Ao se referir a relações externas entre as nações, Bello demonstra mais uma vez a preocupação com os novos Estados, agora no que diz respeito as suas independências. Escreve sobre o reconhecimento de uma nação por outra, em que momento esse reconhecimento pode ocorrer e a sua validade.

Si se presenta pues un Estado nuevo [...] por la desmembración de un Estado antiguo, a los demás Estados sólo toca averiguar si la nueva asociación es independiente de hecho, y ha establecido una autoridad que dirija a sus miembros, los represente, y se haga en cierto modo responsable de su conducta al universo. Y si es así, no pueden justamente dejar de reconocerla, como un miembro de la sociedad de las naciones63.

Nitidamente, Bello se remete as guerras de independência, buscando legitimá- las, e novamente essa legitimação se dá em duas frentes, como comentado anteriormente, interna e externamente. Quando um país surge, desmembrando-se de outro Estado, para ser aceito pelos outros, necessita de uma autoridade, e caso isso ocorra nada impede que seja reconhecido.

61 Ibid. p .143

62 JAKSIC, Iván. La República Del Orden: Simón Bolívar, Andrés Bello y Las Transformaciones del

Pensamiento Político de la Independencia. op.cit. p. 212

Além disso continua Bello:

En el caso de separarse violentamente de una antigua nación y constituirse en Estados independientes una o más de las provincias de que estaba aquélla compuesta, se ha pretendido que las otras naciones estaban obligadas a respetar los derechos de la primera, mirando a las provincias separadas como rebeldes y negándose a tratar con ellas.

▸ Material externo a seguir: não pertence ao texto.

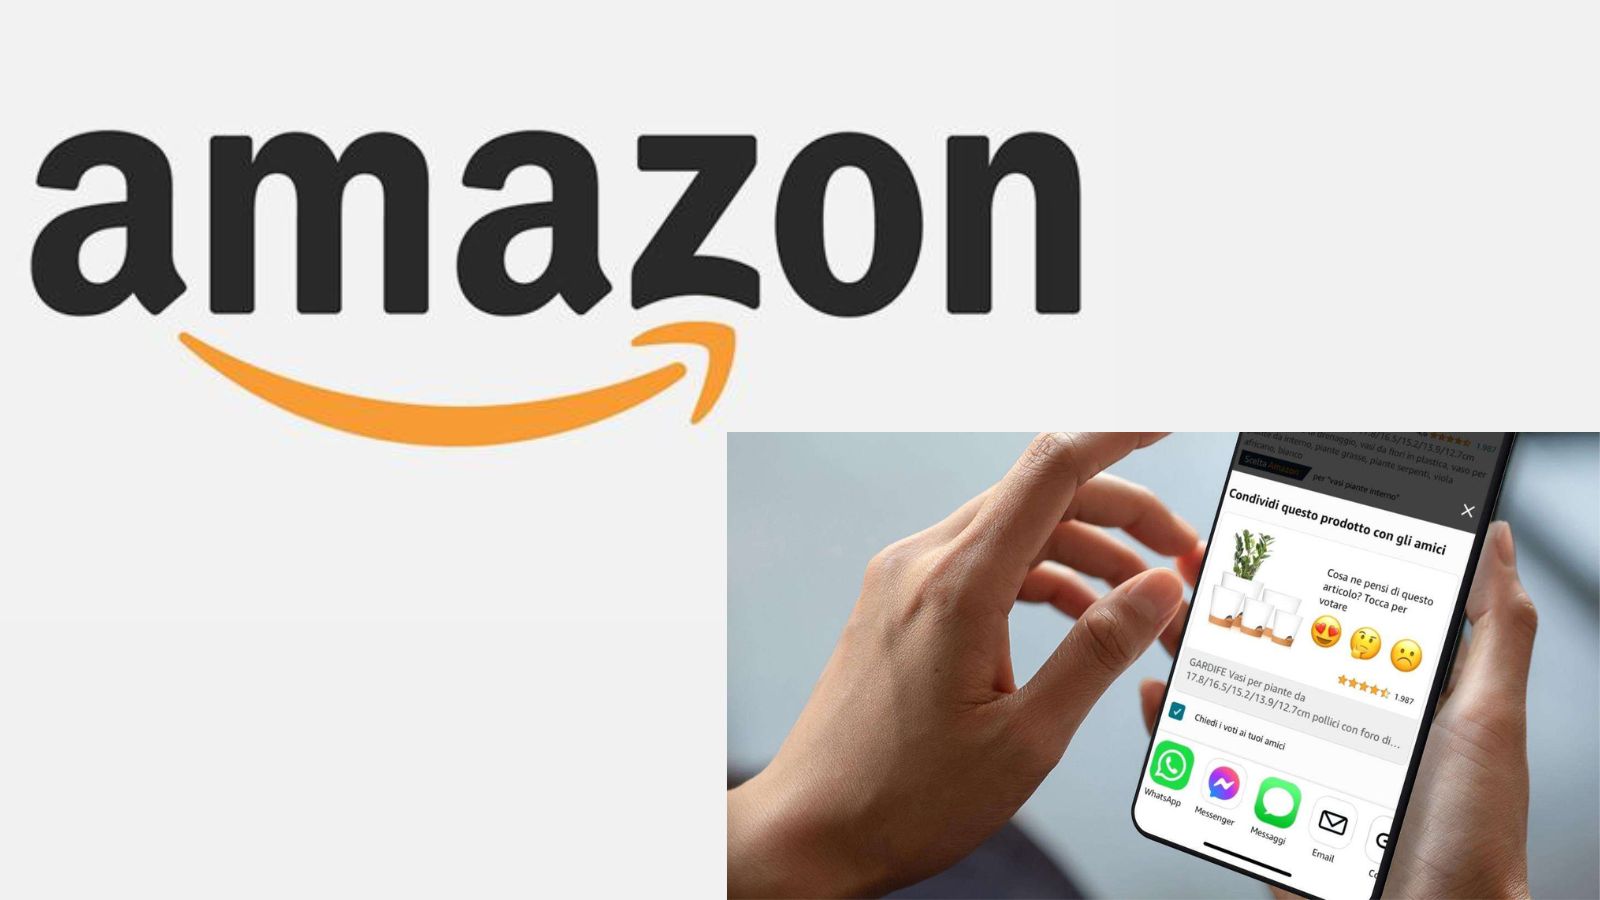 Amazon, nuova funzionalità

Mientras dura la contienda entre los dos partidos, no hay duda que una nación extraña puede abrazar la causa de la metrópoli contra las provincias, si lo cree justo y conveniente, así como la de las provincias contra la metrópoli en el caso contrario. Pero una vez que el nuevo Estado o Estados se hallan en posesión del poder, no hay ningún principio que prohíba a los otros reconocerlos por tales, porque en esto no hacen más que reconocer un hecho y mantenerse neutrales en una controversia ajena64.

Esse trecho deixa claro a situação colocada acima, ficando evidente sua posição perante as nações da América, utilizando o termo “separações violentas”, e reitera, a necessidade de a nova nação ou Estado deter o poder, ou ter uma autoridade para ser reconhecida.

Para dar mais ênfase a liberdade conquistada pelos países da América em relação à Espanha, e legitimidade a estes países, apontando que já tem uma autoridade e um poder próprio, Bello utiliza como exemplo uma nota do governo inglês ao representante da Espanha na Inglaterra, com os motivos que levaram este países a reconhecer as novas nações.

Ao pensar de que forma surgem as Nações, ou Estados, fica explicito a intenção de Bello. Intenção que devemos entender como necessidade de um contexto que, como colocado por José Carlos Chiaramonte, é o da construção das nações na América, e Bello, como já foi colocado, faz parte dessa conjuntura, além de participar ativamente dela.

Para além de como se formam as nações, o que são, a primeira parte ainda tem uma infinidade de temas que poderiam ser explorados, contudo vamos nos ater as conseqüências imediatas das independências e da soberania das nações.

Segundo Bello,

De la independencia y soberanía de las naciones se sigue que a ninguna de ellas es permitido dictar a otra la forma de gobierno, la religión, o la administración que ésta deba adoptar; ni

llamarla a cuenta por lo que pasa entre los ciudadanos de ésta, o entre el gobierno y los súbditos65.

Desta forma, cada nação tem o direito de escolher sua forma de governo, suas leis, e tem a possibilidade de resolver seus problemas internos sem a interferência de outra nação. Nenhum Estado tem o direito de interferir nos assuntos internos de outro. Os atos internos que são permitidos à nação, que é independente e soberana, podem ser diversos, contudo não podem extrapolar os direitos de outras nações.